Scripts are generated by the minding system to organize the ever-changing world into "structures of meaning" (Smith, 1995, p. 10). They operate where the motivational and cognitive subsystems interconnect. Managing ever-changing information is an acute necessity of consciousness, and "Mobility is the key" to consciousness (p. 11), argued Tomkins in 1962. Compared with a plant rooted to the ground, an animal requires massively higher information analysis and control in confronting the ever-changing world, and humans require a yet higher degree of informational control in the context of our constructed socio-cultural complexity. Animals must make complex decisions about want and need, and the more 'complex' the animal and its environment, the more complex the decisions, thus producing increased demand for 'consciousness.'

Complex and effective solutions to function in the world require efficient information control, management, and organization. Scripts bind affect, imagery, and consciousness together. Through "scripts a human being experiences the world in organized scenes, some close to, some remote from, the heart's desire. [They do] not live to think or to feel but to optimize the world as he experiences it from scene to scene" (p. 9). Another way to envision scripts is: "Information changes faster than the rules which order it. The information in scenes is made urgent by our affects, and particularly by any consequential changes in the intensity or polarity of our affects." (p. 79), which scripts organize. Tomkins writes: "Script theory examines the varieties of particular ways of living in the world," whereas human being theory "is concerned with how such phenomena are possible at all" (p. 9).
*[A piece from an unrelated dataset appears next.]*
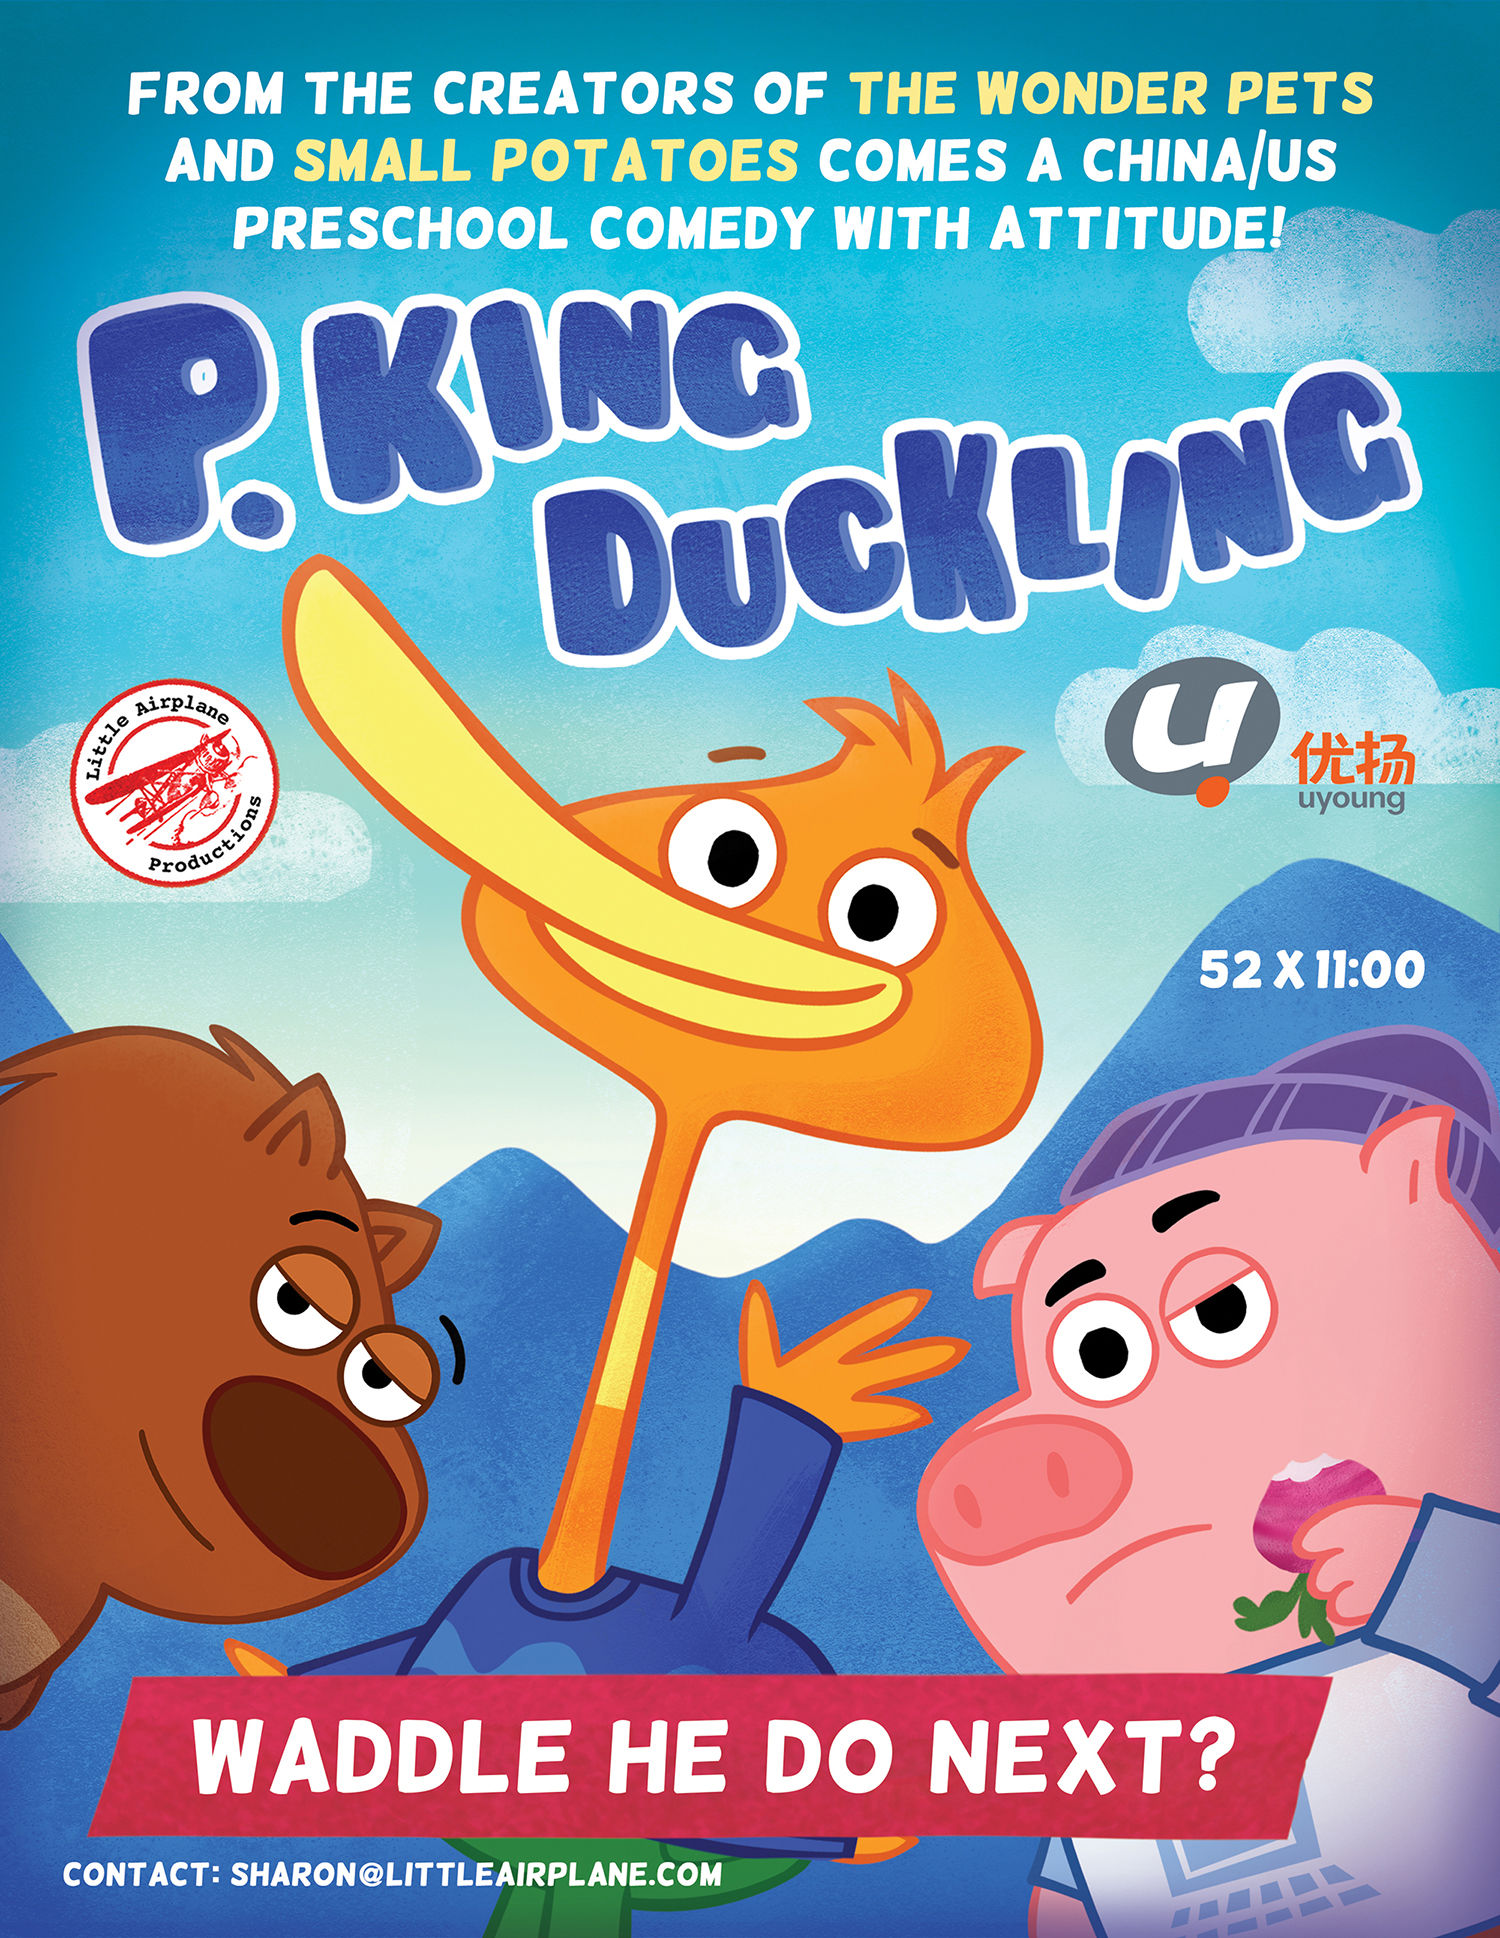 P. King Duckling ne zaman
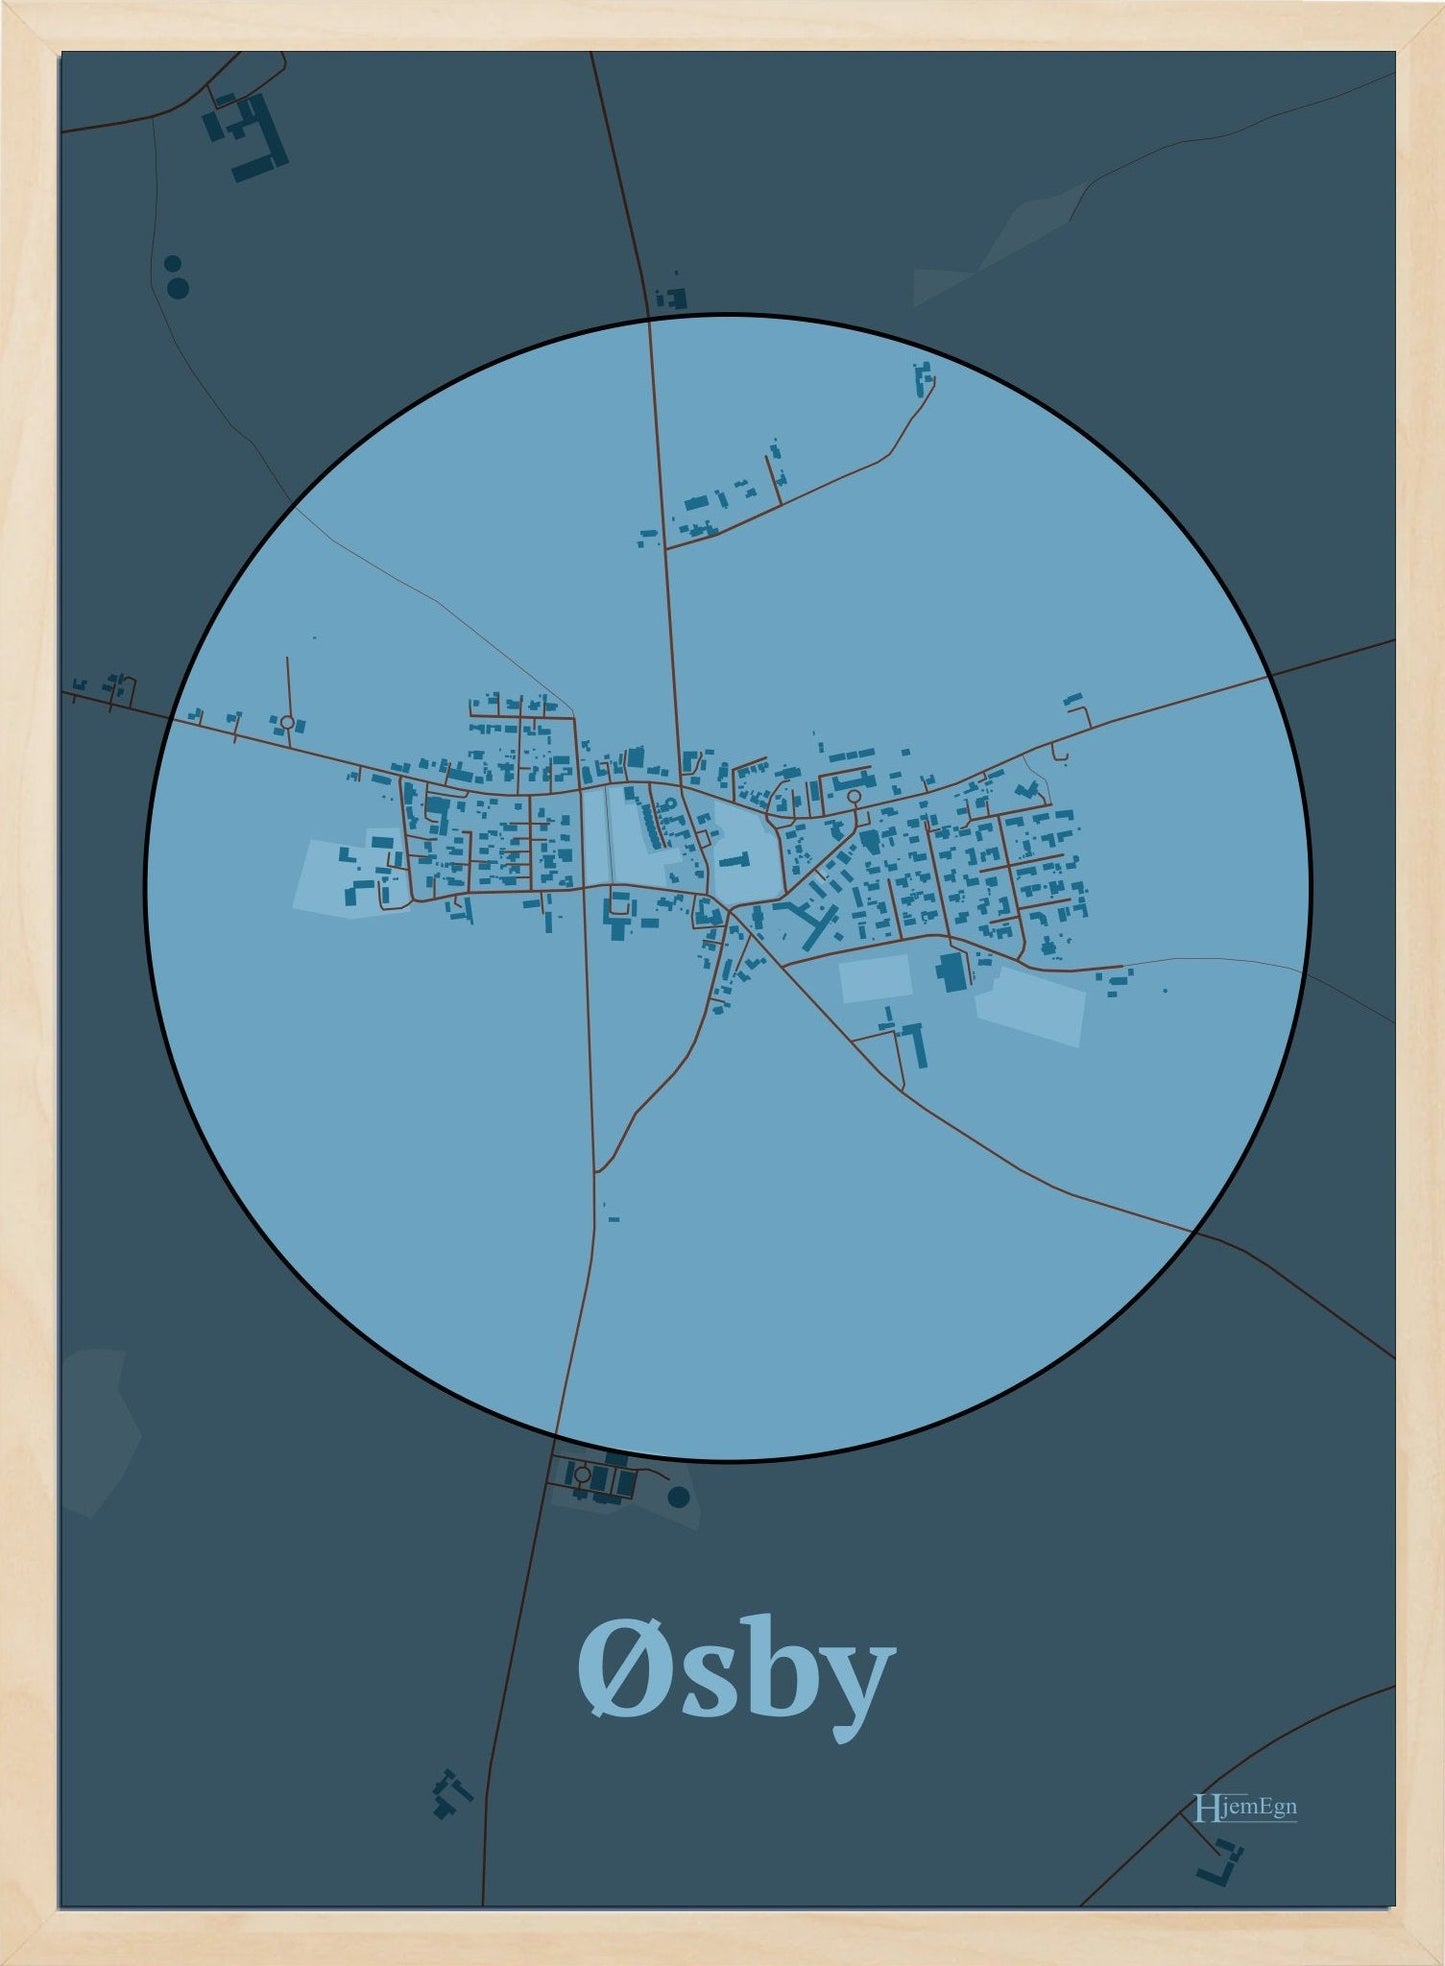 Øsby plakat i farve pastel blå og HjemEgn.dk design centrum. Design bykort for Øsby

Tomkins points to an "ambiguity" (p. 9) at the intersection of affect amplification and cognitive transformation which may confuse how we understand the two systems. While separate abstractions such as affects, scripts, and cognitions are contrived in theorizing, they are indivisible in living reality. Ambiguity is an intrinsic cost of any organized system, he suggests. Analogically, language and the "linguistic chain" (p. 10) in combination with 'body language' show how people create many meanings in many areas. The minding system, in both cognitive process and caring guises, generates scripts as systemic 'rules,' or guidelines "for the interpretation, evaluation, prediction, production, or control of scenes" (p. 334), much as effective communication through language requires a blend of linguistic codes, grammars, dictions and syntax, pragmatics and semantics.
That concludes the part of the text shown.